Seqanswers Leaderboard Ad

Collapse

Announcement

Collapse
No announcement yet.
X
 
  • Filter
  • Time
  • Show
Clear All
new posts

  • #46
    Hi Brian,

    I download the newest edition (34.44) and test. It showed the same problem.

    Exception in thread "main" java.lang.RuntimeException: Unknown parameter restrictleft=25
    at jgi.BBDukF.<init>(BBDukF.java:427)
    at jgi.BBDukF.main(BBDukF.java:66)

    Thanks,

    Zheng

    Comment


    • #47
      Zheng,

      You appear to have downloaded an old version by mistake. The latest is now 34.22, and there is no 34.44 (only a 33.44); so please download 34.22 - I have verified that it is working correctly.

      Comment


      • #48
        Hi Brian,

        Some sequence has quality problelm. It may have one or two "N" or one nucleotide showed wrongly. Is it possible to count this kind sequence as the correct sequence? For example, aaggctctggattacaggat is the reference sequence. Now, is it possible to count aaggctcNggattacaggat to the same group of the reference sequence?

        Thank you,

        Zheng

        Comment


        • #49
          Hi Zheng,

          Yes, you can do this with the "hdist=1" flag, which will allow up to 1 substitution error.

          -Brian

          Comment


          • #50
            Thanks, Brian.

            Currently the max of hdist is 3. Is there a way to allow hdist=6?

            Comment


            • #51
              Zheng,

              A high value of hdist requires exponentially more time and memory to load the reference, but you can us an arbitrarily high value if you want, by adding the -da flag, which disables assertions.

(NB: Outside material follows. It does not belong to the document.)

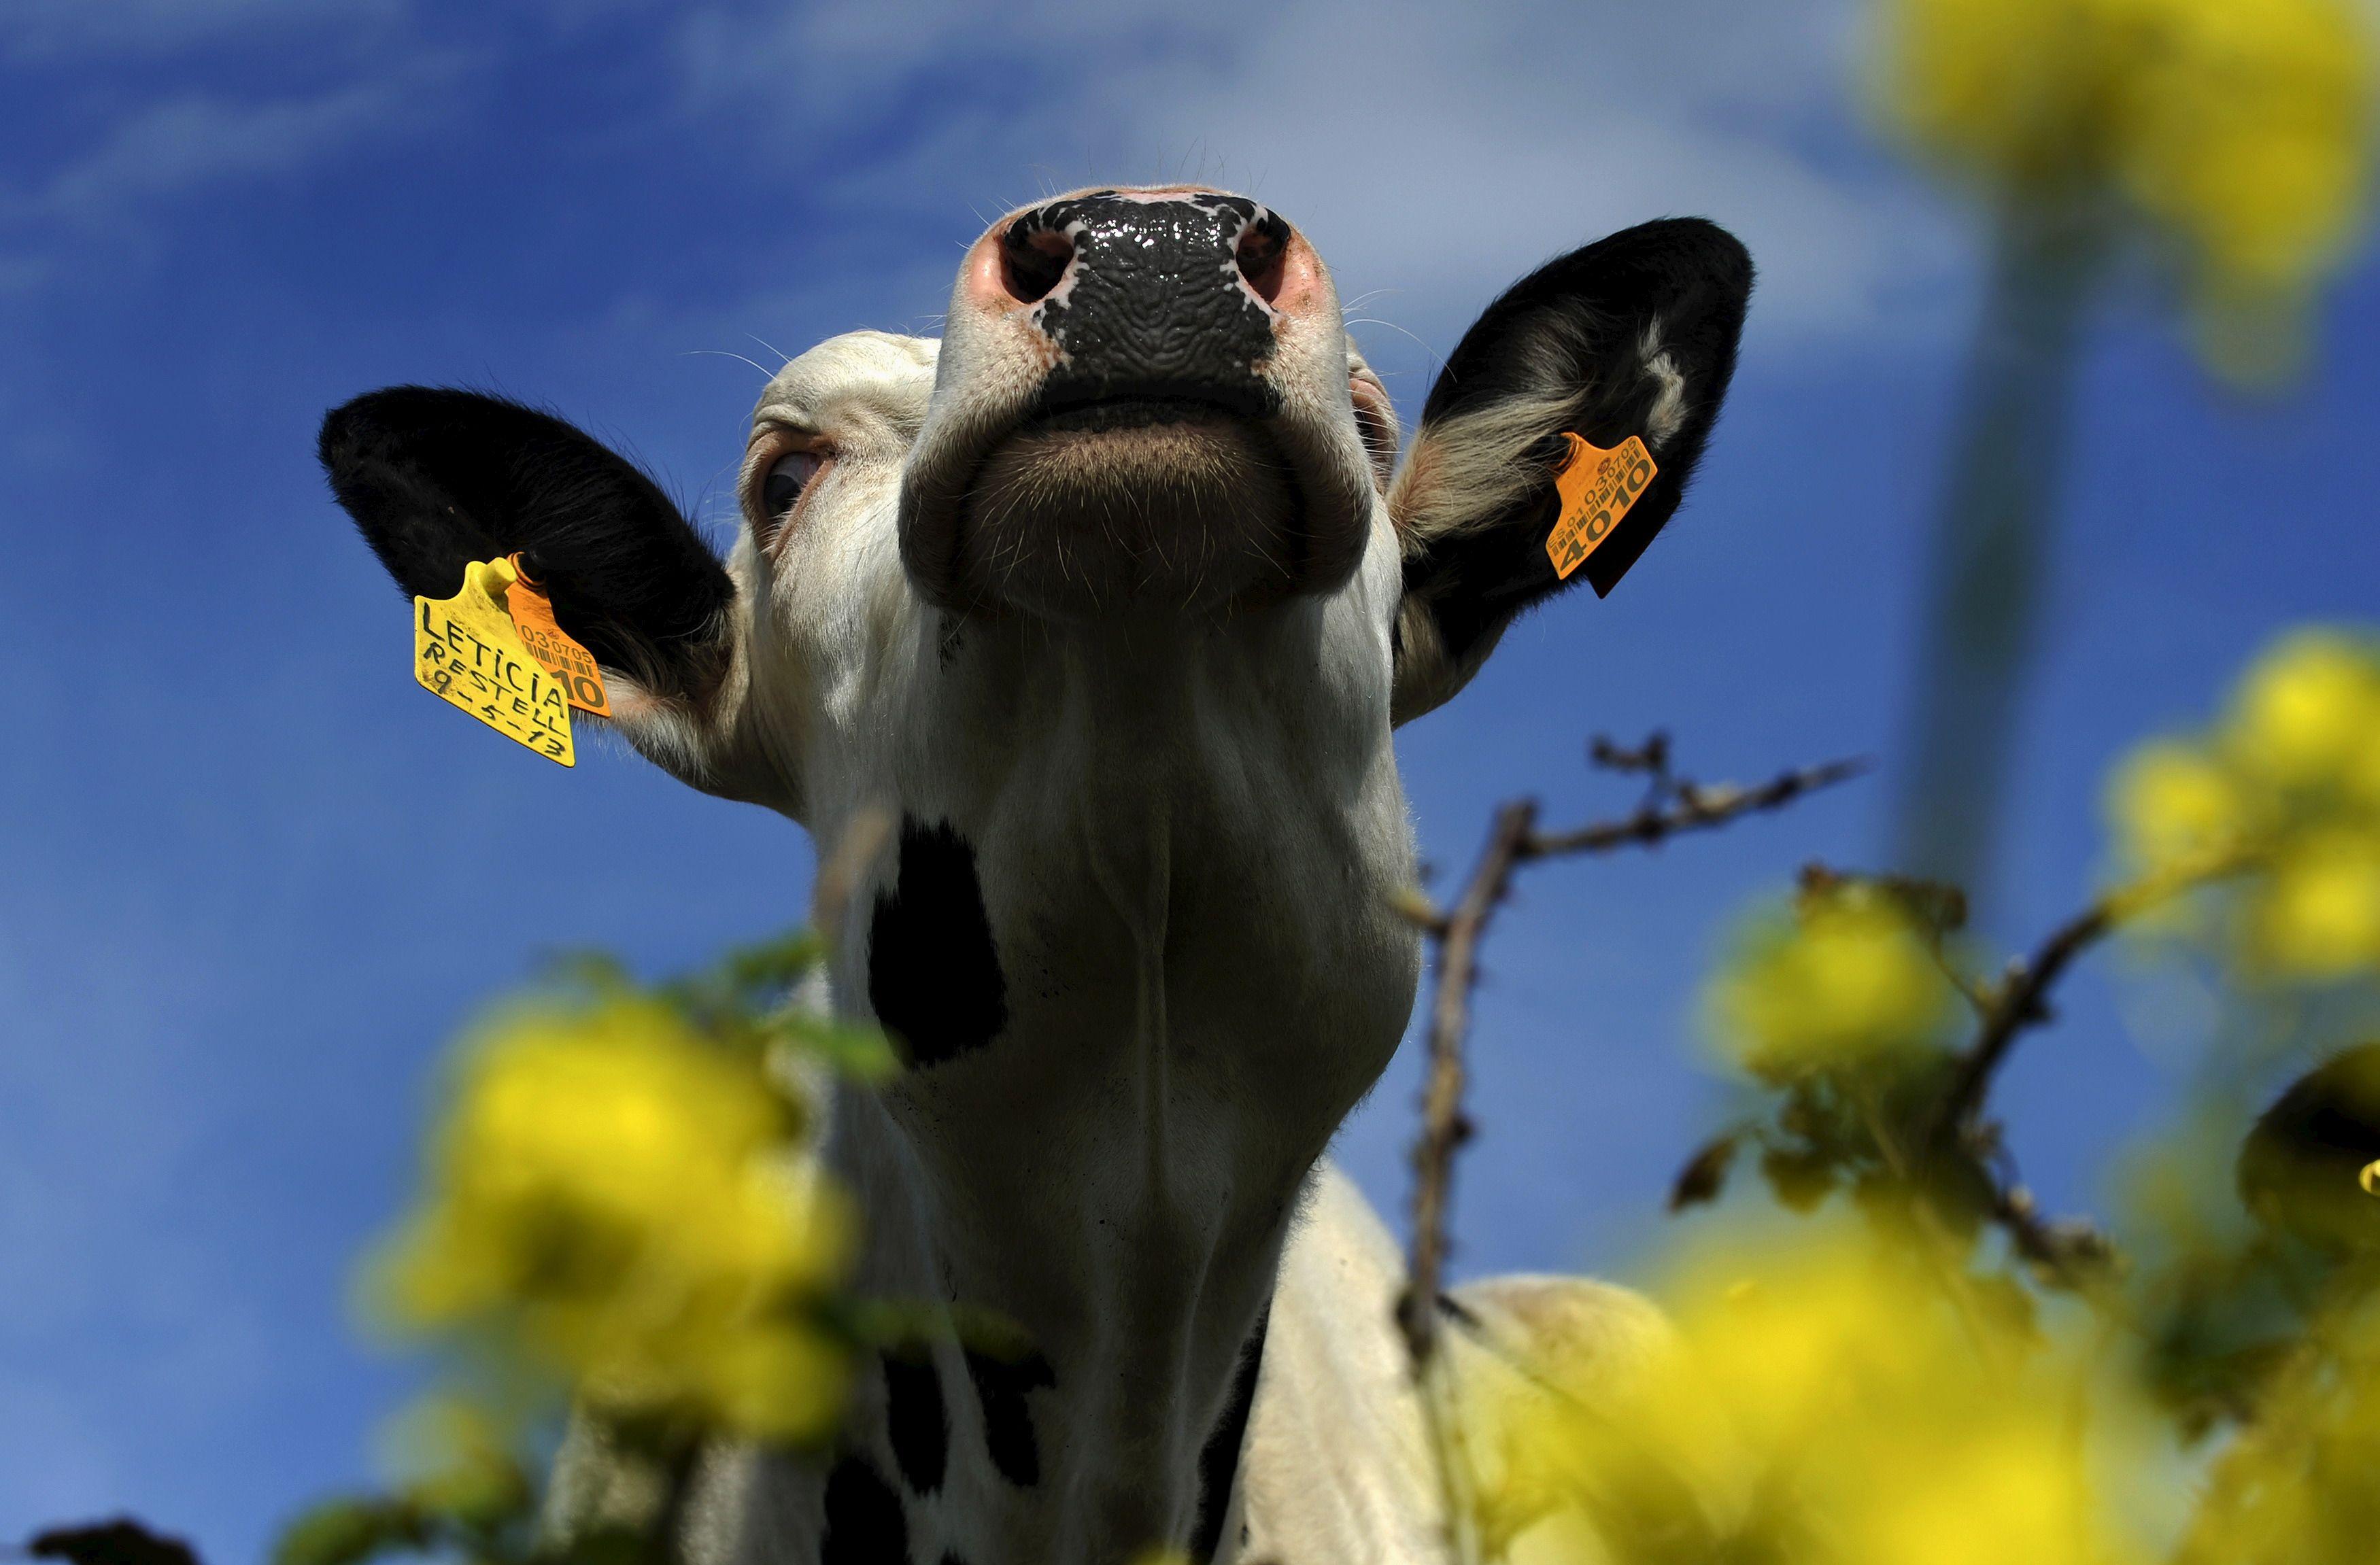 Crise agricole : pourquoi la baisse des charges décidée par le gouvernement ne sauvera pas plus l'élevage intensif français qu'on a sauvé la sidérurgie lorraine

              For example:

              bbduk.sh in=reads.fq outm=matched.fq ref=ref.fa k=25 hdist=6 -da

              However, the program will generate a factor of hdist^(3*K) additional kmers - for k=25 and hdist=6, taking 177,978,515,625 times as much time and memory to build the index, so that won't work. hdist=4 would probably still work though if you gave it enough memory.

              One alternative is "meet in the middle". I added a new flag "qhdist" which stands for "query hamming distance", which mutates the query kmers instead of the reference kmers. So you would get equivalent results from the above command and this command:

              bbduk.sh in=reads.fq outm=matched.fq ref=ref.fa k=25 hdist=3 qhdist=3

              ...but the second command would require 421,875 times less memory, so it's feasible to run. It might be very slow, though, as it would also run 421,875 times slower than normal.

              There is one last alternative, though - I added support in BBDuk for degenerate bases at specific locations. You can use it like this:

              bbduk.sh in=reads.fq outm=matched.fq literal=NNNNNNCCCCGGGGGTTTTTAAAAA k=25 copyundefined

              With the "copyundefined" flag, a copy of each reference sequence will be made representing every valid combination of defined letter. So instead of increasing memory or time use by 6^75, it only increases them by 4^6 or 4096 which is completely reasonable, but it only allows substitutions at predefined locations. You can use the "copyundefined", "hdist", and "qhdist" flags together for a lot of flexibility - for example, hdist=2 qhdist=1 and 3 Ns in the reference would allow a hamming distance of 6 with much lower resource requirements than hdist=6. Just be sure to give BBDuk as much memory as possible.

              Edit: It might be fun to write something that handles arbitrary motifs with degenerate bases and a set number of mismatches, with no time or memory penalty. Maybe I'll do that; I'll let you know.
              Last edited by Brian Bushnell; 03-26-2015, 05:51 PM.

              Comment


              • #52
                Thanks, Brian. Very helpful.

                Comment


                • #53
                  comfuse about result

                  Hi Brian,

                  The total sequence length is 26 bp.

                  I used following command to get sequence with starting sequence "CACTTCTATAGT".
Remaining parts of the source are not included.